On October 13, 2016, Reed’s Inc. (the “Company”) issued a press release announcing its third quarter earnings results. The full text of the press release issued in connection with the announcement is furnished as Exhibit 99.1 to this Current Report on Form 8-K. The Company will conduct a conference call at 4:30 PM ET today, October 13 to discuss its 2016 third quarter results. To participate in the call, please dial the following number 5 to 10 minutes prior to the scheduled call time (800) 670-8680. International callers should dial +1 (303) 223-4364. A replay of the call will be available on the Reed’s website at www.reedsinc.com in the “Investors” section following the earnings call within a day.
The information in this Form 8-K (including Exhibit 99.1) shall not be deemed “filed” for purposes of Section 18 of the Securities Exchange Act of 1934 (the “Exchange Act”) or otherwise subject to the liabilities of that section, nor shall it be deemed incorporated by reference in any filing under the Securities Act of 1933 or the Exchange Act, except as expressly set forth by specific reference in such a filing.

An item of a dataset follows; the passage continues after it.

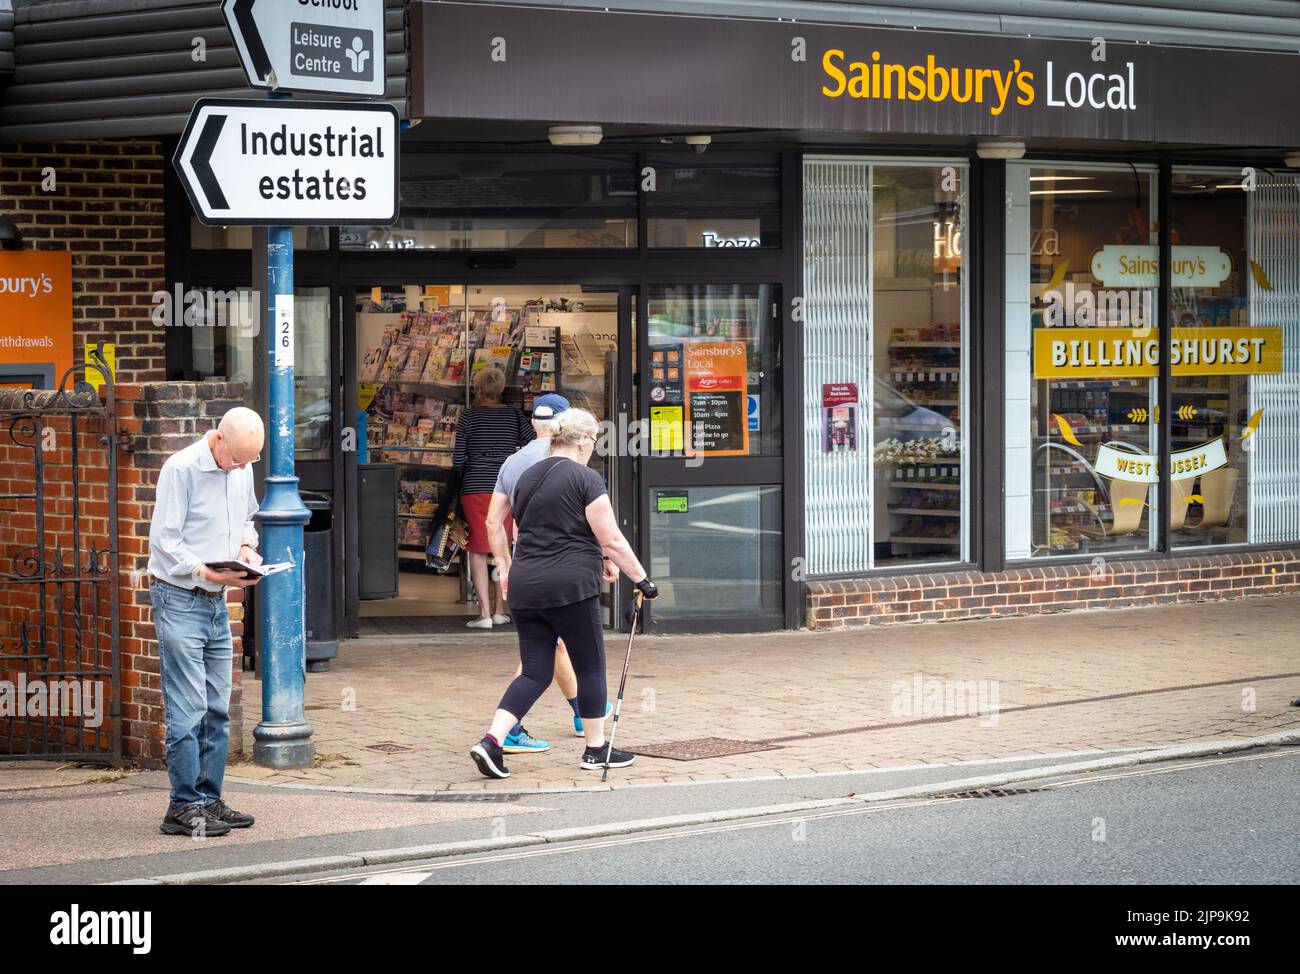 Billingshurst, West Sussex, Großbritannien, 16. August 2022. Eine Frau, die mit einem Gehstock und mit Mobilitätsprobleme unterwegs ist, geht an einem Sainsbury's Supermarkt in Billingshurst, West Sussex, Großbritannien, vorbei. In einem Bericht, der heute vom britischen Superstore veröffentlicht wurde, wurde festgestellt, dass Sainsbury's der am meisten beklagte Supermarkt in Großbritannien für behinderte Käufer ist. Stockfoto

Use of Non-GAAP Financial Measures
We use non-GAAP measures internally to evaluate our performance and in making financial and operational decisions. When viewed in conjunction with our GAAP results and the accompanying reconciliation, we believe that our presentation of these measures provides investors with greater transparency and a greater understanding of factors affecting our financial condition and results of operations than GAAP measures alone. In addition, we believe the presentation of these measures is useful to investors for period-to-period comparison of results because the items described below as adjustments to GAAP are not reflective of our core business performance. These financial measures are not in accordance with, or an alternative to, GAAP financial measures and may be different from non-GAAP measures used by other companies. We use these adjusted results because we believe they more clearly highlight trends in our business that may not otherwise be apparent when relying solely on GAAP financial measures, since these measures eliminate from our results specific financial items that have less bearing on our core operating performance. We strongly recommend that investors review the GAAP financial measures included in our Quarterly Report on Form 10-Q, including our consolidated financial statements and the notes thereto.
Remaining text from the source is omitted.